L’Italia, che ha attraversato negli ultimi 20 anni 9 gravi fasi di siccità con costi complessivi per circa 30 miliardi di euro, deve la sua vulnerabilità idrica soprattutto all’assenza o alla carenza cronica di infrastrutture idriche primarie e, soprattutto, di una gestione programmata e condivisa per lo stoccaggio, la distribuzione e il riuso dell’acqua. Perché, sebbene l’Italia sia dotata di abbondante acqua dolce teoricamente prelevabile (140 miliardi di mc), questa generosa condizione naturale non si traduce in altrettanta abbondanza nella disponibilità della risorsa. Gli scenari climatici sviluppati dai centri scientifici confermano che eccesso e scarsità di acqua convivono e sono due lati della medaglia con cui l’Italia deve fare i conti. I fenomeni meteorologici estremi si combinano con l’insufficienza e vetustà delle infrastrutture idriche, concepite sulle necessità degli anni ‘50 e non resilienti ai cambiamenti climatici.

Il risultato è che tra i 27 paesi dell’Unione Europea è l’Italia che preleva più acqua potabile di tutti, ma è anche in testa nelle perdite lungo i circa 400.000 km di rete del Sistema Idrico Integrato: dei 9,1 miliardi di mc immessi ogni anno, ne arrivano a destinazione solo 4,6 mld di mc. In aggiunta a una rete colabrodo, c’è una bassa attenzione al risparmio idrico anche nel settore manifatturiero, che assorbe circa un quinto degli usi finali (21%).

Chimico, tessile e carta i settori più idro-esigenti

Emblematico il rapporto tra il volume d’acqua utilizzata e il valore aggiunto realizzato da ogni singolo settore, espresso dall’indicatore Water Use Intensity Indicator: in Italia si utilizzano in media circa 13 litri di acqua per euro di valore aggiunto realizzato. Chimico, tessile e carta in testa tra i settori più idro-esigenti. Nell’ambito industriale sarebbe fondamentale un maggiore utilizzo di acqua depurata, riducendo così la necessità di acqua di falda o di sorgente. Tanto più che l’Italia versa 60 milioni l’anno come sanzione all’Ue per effetto di diverse infrazioni in materia di infrastrutture idriche, tra cui la mancanza di sistemi di depurazione e filtraggio delle acque reflue, sia in ambito agricolo che industriale, e il loro riuso, anche in ambito civile.

Negli ultimi 20 anni lo Stato ha investito tra l’1 e il 2% della spesa pubblica nazionale, quasi zero rispetto ad altri settori di servizi a rete.

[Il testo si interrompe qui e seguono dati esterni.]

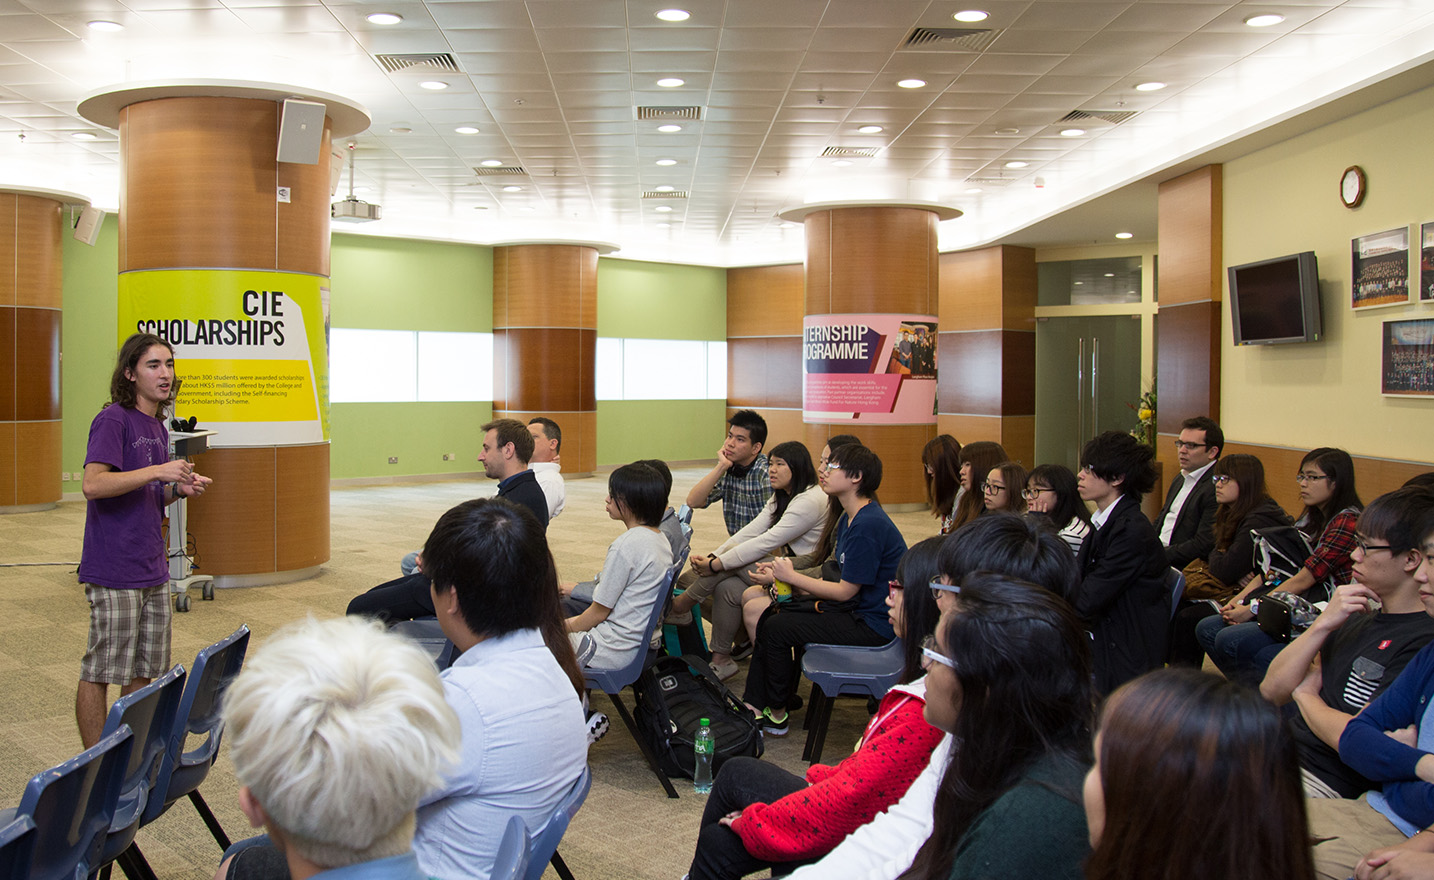 University of Edinburgh student Max Dunn was invited to share his experience studying in the UK and Hong Kong.

Questa irrilevanza viene confermata anche nel Pnrr con investimenti pari a 4,3 miliardi di euro sul totale di 238 miliardi. Nella captazione, stoccaggio, distribuzione, uso e riciclo dell’oro blu, l’economia delle acque si distingue come uno dei settori più permeabili e promettenti nell’adozione di applicazioni digitali e di intelligenza artificiale generativa. Le aziende più performanti hanno sviluppato percorsi digitalizzati per impostare sistemi di controllo avanzato e a distanza, piattaforme di gestione integrate con sistemi informatici, sensoristica, topografica di precisione con laser scanner e georadar.

Il ruolo delle tecnologie avanzate

Le tecnologie disponibili sono spesso frutto della ricerca Made in Italy e dei nostri enti scientifici, a partire da Ispra, Cnr, Enea e Copernicus, e permettono agli operatori di poter anticipare e affrontare ogni fase ordinaria e di gestione dell’emergenza, grazie a sistemi satellitari e di monitoraggio basati su sensori, IoT e IA per il controllo dei deflussi e delle quantità delle acque sotterranee e superficiali; consentono la gestione di circa 500.000 km di reti idriche e 1 milione di km di reti fognarie, con tratti “intelligenti” con controlli in real time dei consumi, tramite smart metering in grado di offrire una conoscenza dettagliata delle condizioni della rete; supportano i trattamenti di depurazione delle acque reflue e i sistemi di raccolta di acqua piovana per usi industriali e urbani, garantendo la massima qualità e riducendo l’impatto ambientale.